Explainable AI (often shortened to XAI) is one of the ethical dimensions that is studied in the TAILOR project. The origin of XAI dates back to the entering into force of the General Data Protection Regulation (GDPR). The GDPR [1], in its Recital 71, also mentions the right to explanation, as a suitable safeguard to ensure fair and transparent processing in respect of data subjects. It is defined as the right “to obtain an explanation of the decision reached after profiling”. According to NIST report [2], an explanation is the evidence, support, or reasoning related to a system’s output or process, where the output of a system differs by task, and the process refers to the procedures, design, and system workflow which underlie the system.

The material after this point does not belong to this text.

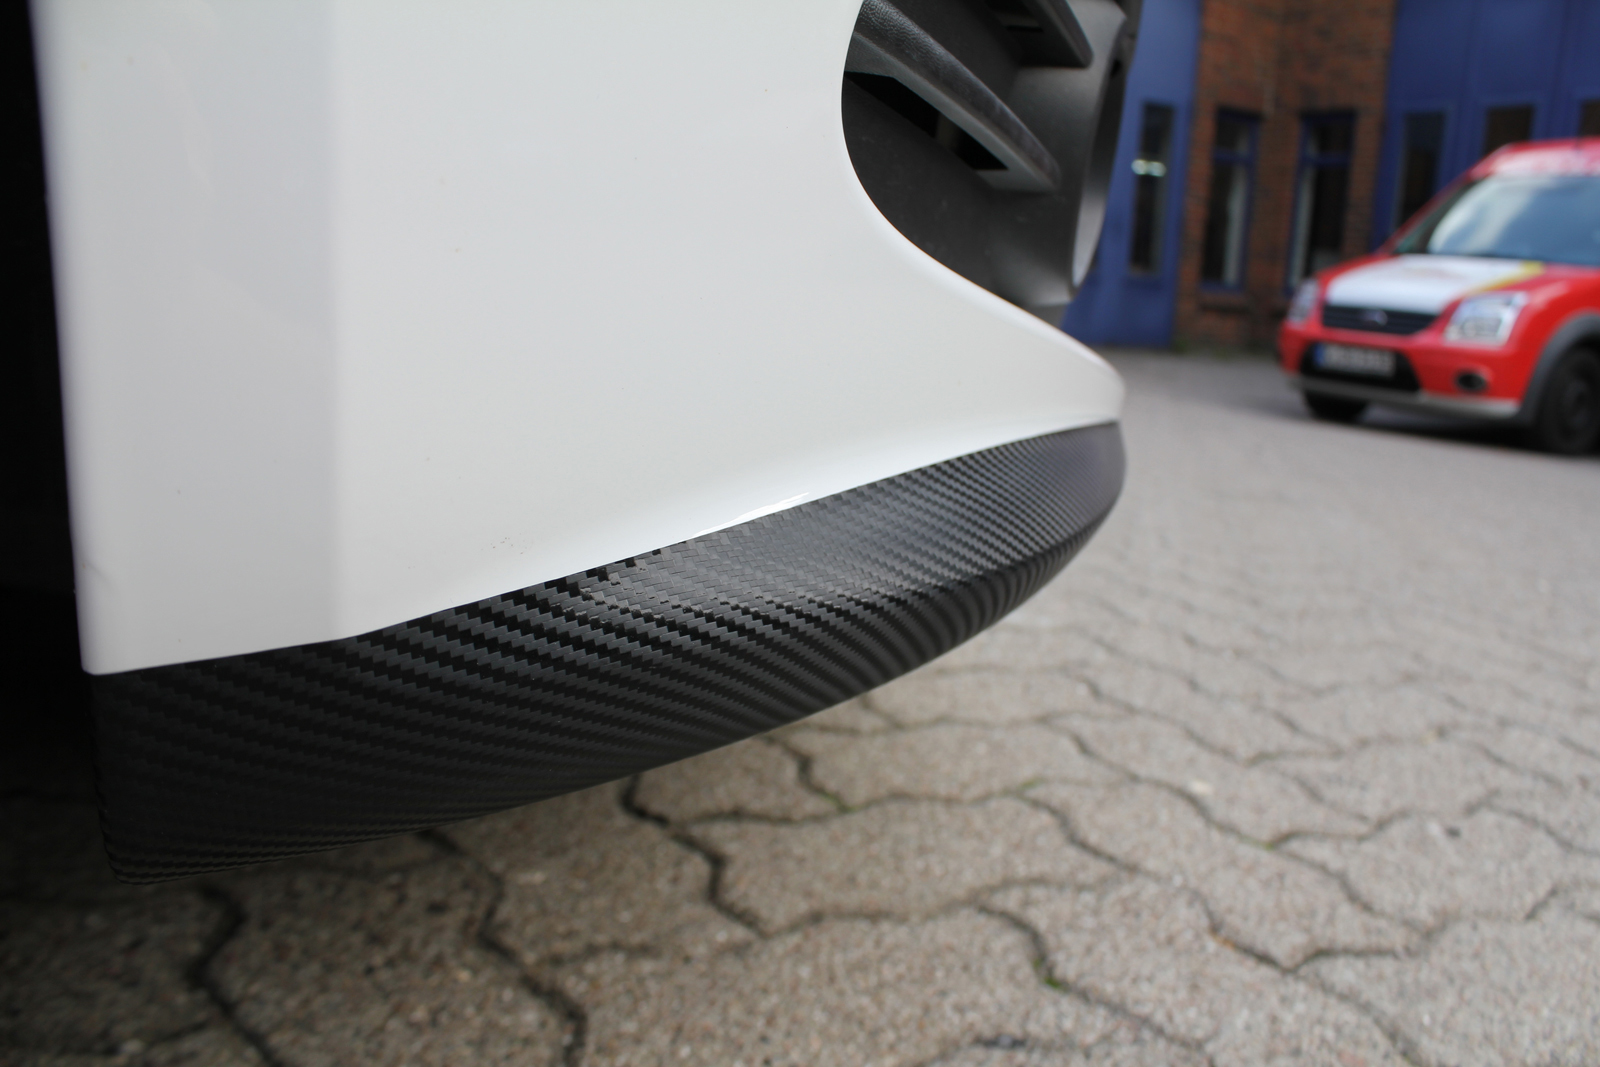 VW_SCIROCCO_FOLIERUNG_CARBON_DACH_HAUBE_04

While other aspects of ethics and trustworthiness, such as Respect for Privacy, are not novel concepts, and a lot of scientific literature has been explored on these topics, the study of explainability is a new challenge. In this part, we will cover the main elements that define the explanation of AI systems. First, we will try to survey briefly the main guidelines related to explainability. Then, we summarize a taxonomy that can be used to classify explanations. We will define the possible Dimensions of Explanations (e.g., we can discriminate between Model-Specific vs Model-Agnostic Explainers). Next, we will describe the requirements to provide good explanations and some of the problems related to the Explainability topic. Finally, we will give some examples of possible solutions we can adopt to provide explanations describing the reasoning behind an ML/AI model.

Motivation and Background#

So far, the usage of black boxes in AI and ML processes has implied the possibility of inadvertently making wrong decisions due to a systematic bias in training data collection. Several practical examples have been provided, highlighting the “bias in, bias out” concept. One of the most famous examples of this concept regards a classification task: the algorithm’s goal was to distinguish between photos of Wolves and Eskimo Dogs (huskies) [1]. Here, the training phase of the process was done with 20 images, hand-selected such that all pictures of wolves had snow in the background, while pictures of huskies did not. This choice was intentional because it was part of a social experiment. In any case, on a collection of additional 60 images, the classifier predicts “Wolf” if there is snow (or light background at the bottom), and “Husky” otherwise, regardless of animal color, position, pose, etc (see an example in Fig. 1).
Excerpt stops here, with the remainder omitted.